Welcome to our Orphan Black science recaps, where Casey, a graduate student in genetics and developmental biology, and Nina, a professional science communicator, examine the science in each episode of OB and talk you through it in (mostly) easy-to-digest terms.
If you haven’t watched the latest episode of Orphan Black, be forewarned: there will be spoilers. There will also be crazy science.
Casey: Unfortunately, amid all the art and conspiracy uncovering in this week’s episode, our beloved Mrs. S found herself on the wrong end of a crazy man’s gun. A bullet in her that hurt us all. Of course, she didn’t go down easily, managing to watch Ferdinand die first.
Nina: S gives a very specific statistic (as we’re all wont to do when we’ve just been fatally shot). She tells Ferdinand that, as a woman, she’s 14 percent more likely to survive a gunshot than a man. Where did she pull that number from?
Generally speaking women are biologically better survivors from the moment they’re born. They typically have stronger immune systems. They are protected from certain genetic conditions that affect only men. They have a tendency to live longer.
Casey: The future is female!
Nina: But Mrs. S’s factoid is a reference to a study published in the Journal of Trauma in 2010. Researcher Dr. Adil H. Haider and his team at Johns Hopkins University School of Medicine looked at over 48,000 patients who arrived at the emergency room with major injuries and low blood pressure to analyze factors contributing to their survival. Why low blood pressure? After an injury, low blood pressure can be a sign of major blood loss and can indicate traumatic shock. Anyway, they found that women, especially women aged 13 to 64, were most likely to survive, no matter the injury.

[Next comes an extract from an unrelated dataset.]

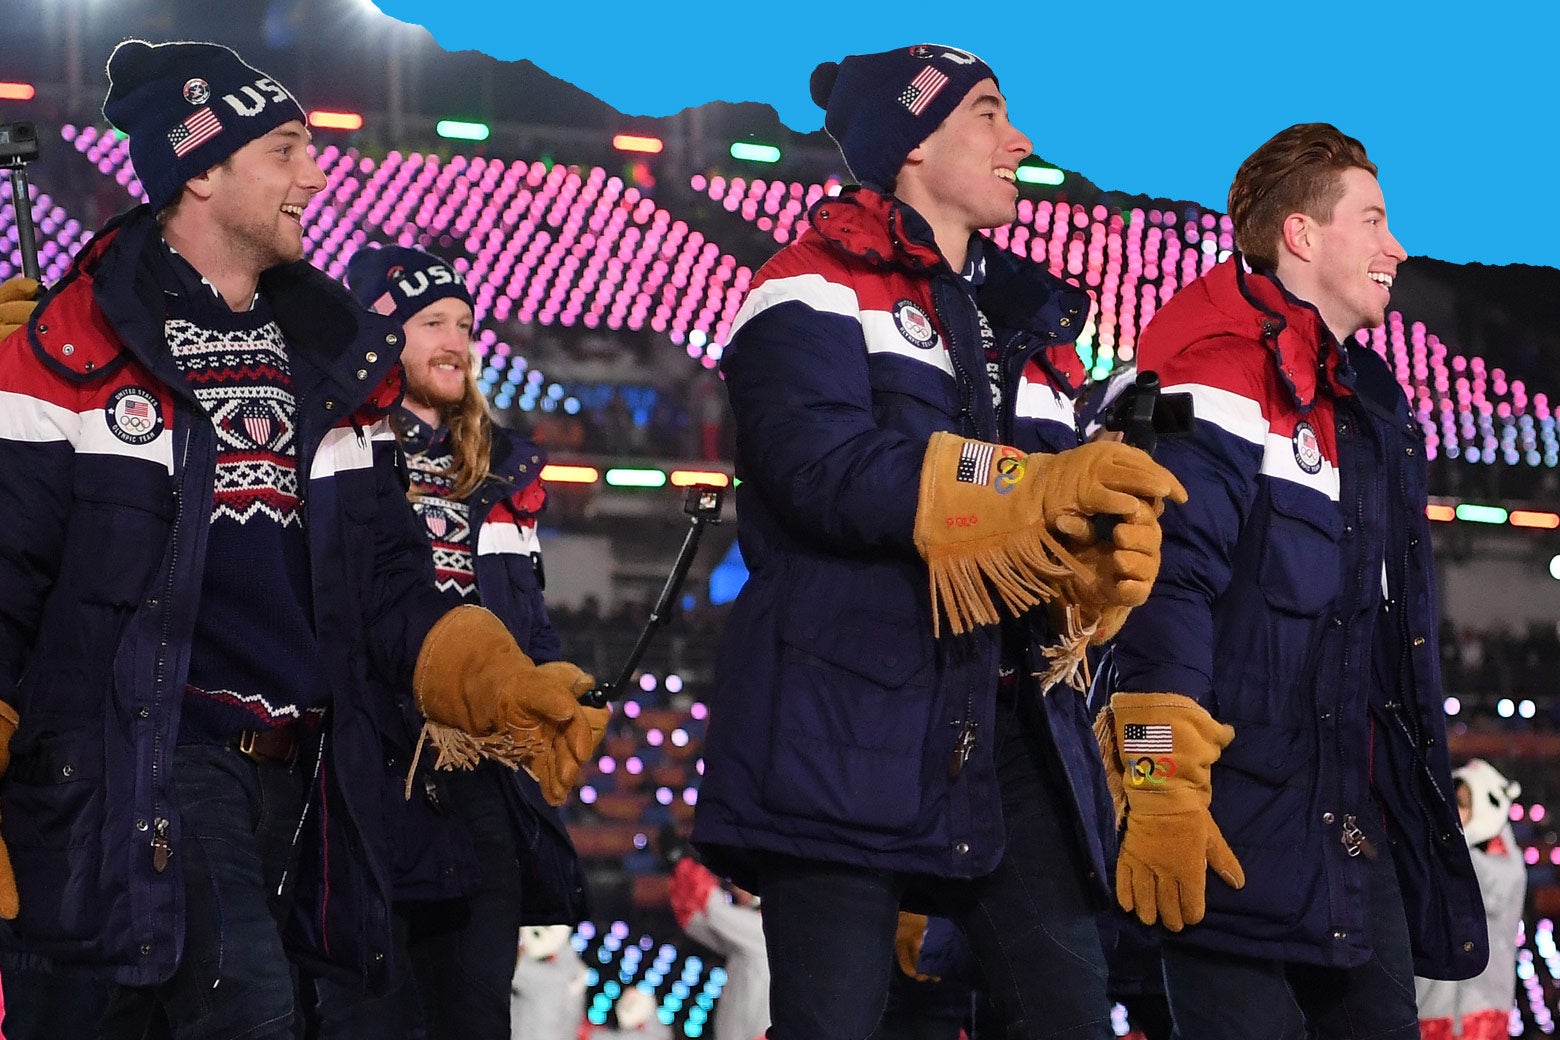 United States athletes take part during the Opening Ceremony of the PyeongChang 2018 Winter Olympic Games at PyeongChang Olympic Stadium on February 9, 2018 in Pyeongchang-gun, South Korea.

Haider’s conclusion was that this wide age range, which coincides with when women are most likely to experience their highest levels of sex hormones (estrogen and progesterone), suggests that these hormones must be what boosts survival odds for women. The mechanism is unclear, but these hormones seem to have helpful cardiovascular, metabolic, and immune effects after a traumatic injury. On the flip side: other studies have shown that high levels of testosterone might have adverse effects on a traumatized immune system.
Casey: Simply put, female sex hormones have some sort of protective effect on the body, increasing a woman’s odds of survival after injury, such as a gunshot. Of course, these odds didn’t really matter in S’s case – she was shot directly in the heart. Considering there wasn’t a doctor in the next room, Siobhan knew she was out of time. She only had a few minutes at most before enough of the blood circulating through her body leaked out of the wound and stopped her heart.
Like our science recaps? We wrote The Science of Orphan Black—the official science companion for the show! Coming August 2017; available for pre-order now.
Casey Griffin is a graduate student in genetics and developmental biology. She obsesses over the blood-brain barrier, plays around with frog embryos, and nerds (and cries and screams) about Orphan Black. You can check out her OB Science Time Tumblr posts here.
Nina Nesseth is a professional science communicator, writer, and serial tea-drinker. She’s happiest when science-ing at people (yes, that’s “science” as a verb). You can find her on Twitter @cestmabiologie.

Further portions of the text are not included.